2. speech compositor according to claim 1; Wherein said voiced sound generation unit is based on the said normalization spectrum and the amplitude spectrum that are stored in the said normalization spectrum storage unit; Generate the segmentation of the conduct of a plurality of pitch waveform and the corresponding voiced sound of said text; And, generate said voiced sound waveform based on the pitch waveform of said generation.

3. speech compositor according to claim 1; Wherein said voiced sound generation unit is based on the said normalization spectrum that is stored in the said normalization spectrum storage unit; Generate time domain waveform, based on the time domain waveform of said generation and with the corresponding rhythm of said input text, generate pumping signal; And, generate said voiced sound waveform based on the pumping signal of said generation.
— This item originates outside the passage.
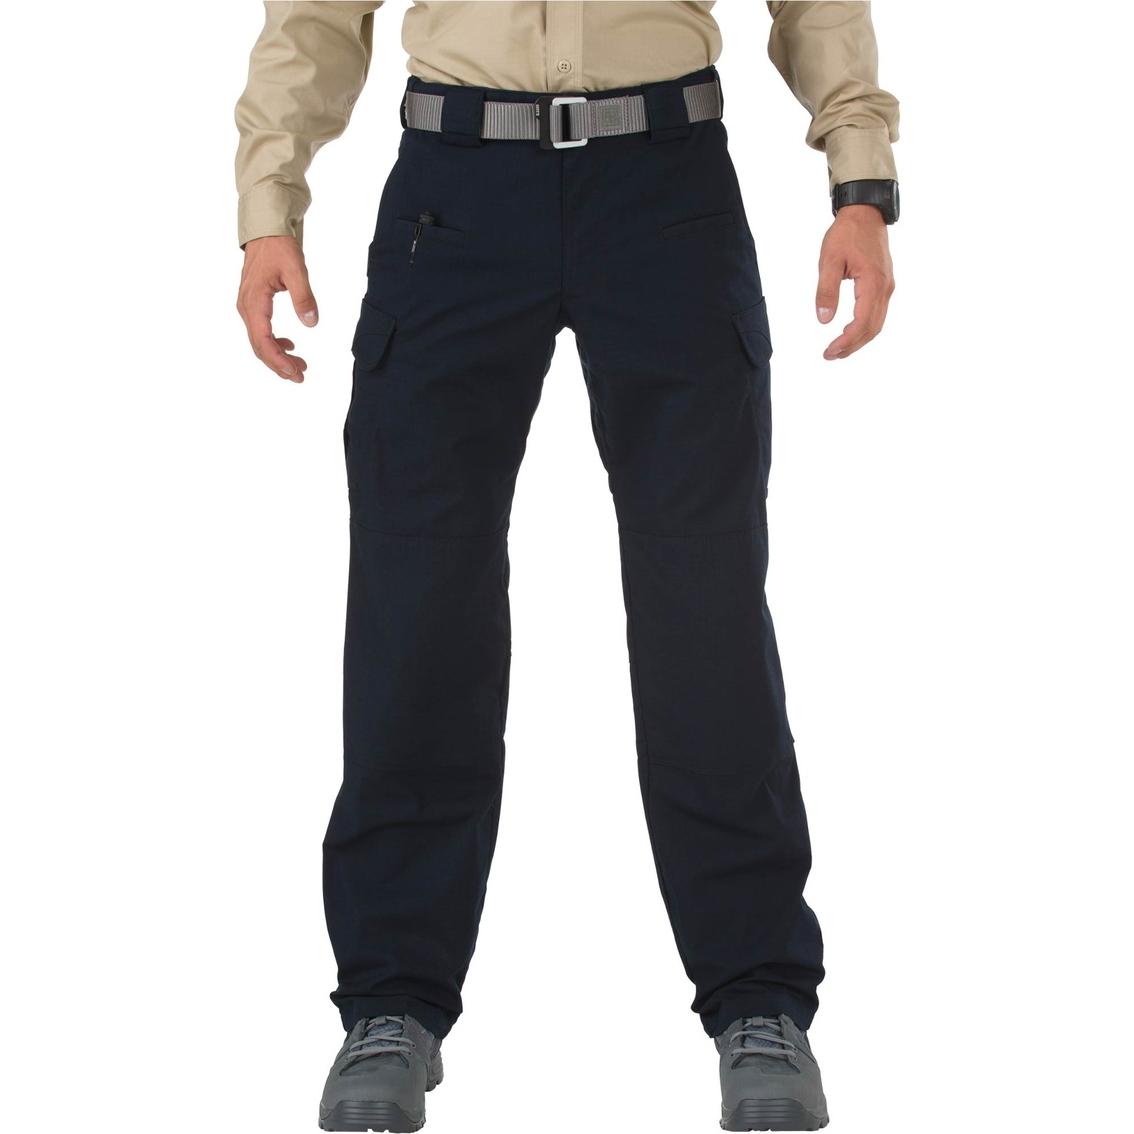 ae8851c3efd75 5.11 Stryke Pants   Pants   Apparel   Shop The Exchange
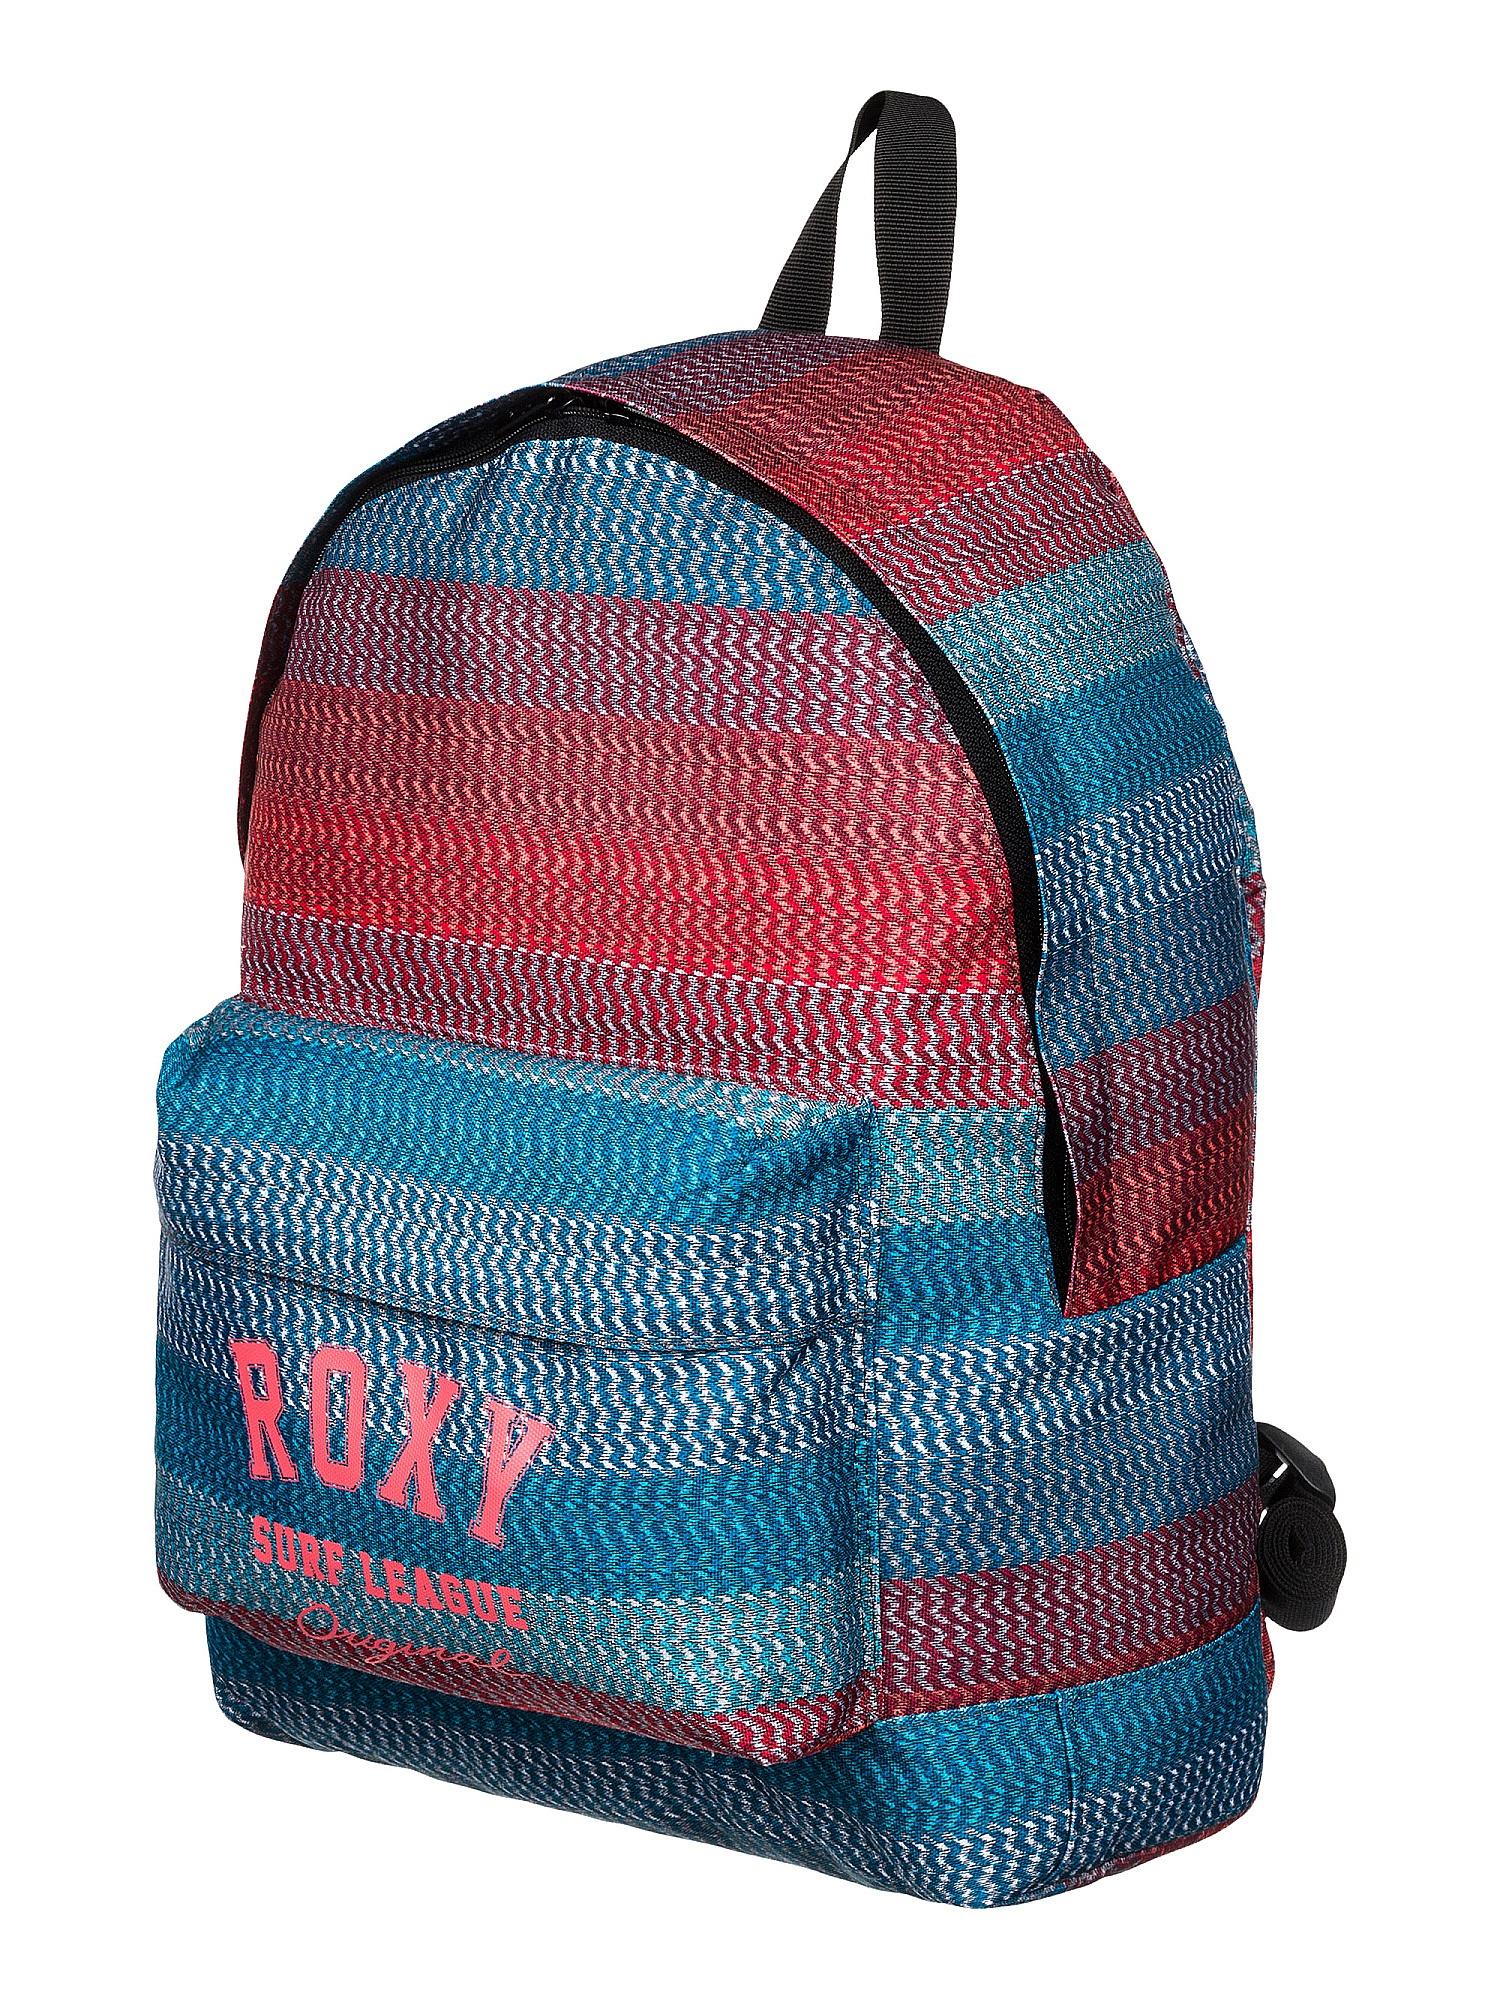 batoh Roxy Sugar Baby Girl - BRW6 Panama Zigzag Stripes Moroccan 16 L 94366cd2f3

4. according to each described speech compositor in the claim 1 to 3, wherein through using one or more normalization spectrums of calculating based on the group delay of random number sequence to be pre-stored in the said normalization spectrum storage unit.

5. according to each described speech compositor in the claim 1 to 4, wherein

Two of said normalization spectrum storage unit pre-stored or more a plurality of normalization spectrum, and

Said voiced sound generation unit generates each voiced sound waveform through using and the different normalization spectrum of normalization spectrum that is used to generate previous voiced sound waveform.

6. according to each described speech compositor in the claim 1 to 5, the number that wherein is stored in the normalization spectrum in the said normalization spectrum storage unit is in 2 to 1,000,000 scope.

7. speech synthetic method that is used to generate the synthetic speech of input text comprises:

Based on a plurality of segmentations of the corresponding voiced sound of said text be stored in one or more normalization spectrums of the normalization spectrum storage unit that is used for the normalization spectrum that pre-stored calculates based on random number sequence, generate the voiced sound waveform;

Based on a plurality of segmentations of the corresponding voiceless sound of said text, generate the voiceless sound waveform; And

Based on the voiced sound waveform of said generation and the voiceless sound waveform that is generated, generate said synthetic speech.

8. speech synthetic method according to claim 7, wherein

Based on the said normalization spectrum and the amplitude spectrum that are stored in the said normalization spectrum storage unit, generate the segmentation of the conduct of a plurality of pitch waveform and the corresponding voiced sound of said text, and

Pitch waveform based on said generation generates said voiced sound waveform.

9. speech synthesis program that is mounted in the speech compositor, said speech compositor generates the synthetic speech of input text, and wherein said speech synthesis program makes computing machine carry out:

Voiced sound waveform generative process; Said voiced sound waveform generative process generates the voiced sound waveform based on a plurality of segmentations of the corresponding voiced sound of said text and the one or more normalization spectrums that are stored in the normalization spectrum storage unit that is used for the normalization spectrum that pre-stored calculates based on random number sequence;

Voiceless sound waveform generative process, said voiceless sound waveform generative process based on a plurality of segmentations of the corresponding voiceless sound of said text, generate the voiceless sound waveform; And

Synthetic speech generative process, said synthetic speech generative process is based on said voiced sound waveform that generates in the said voiced sound waveform generative process and the said voiceless sound waveform that in said voiceless sound waveform generative process, generates, and generates said synthetic speech.

10. speech synthesis program according to claim 9; Wherein said voiced sound waveform generative process is based on the said normalization spectrum and the amplitude spectrum that are stored in the said normalization spectrum storage unit; Generate the segmentation of the conduct of a plurality of pitch waveform and the corresponding voiced sound of said text; And, generate said voiced sound waveform based on the pitch waveform of said generation.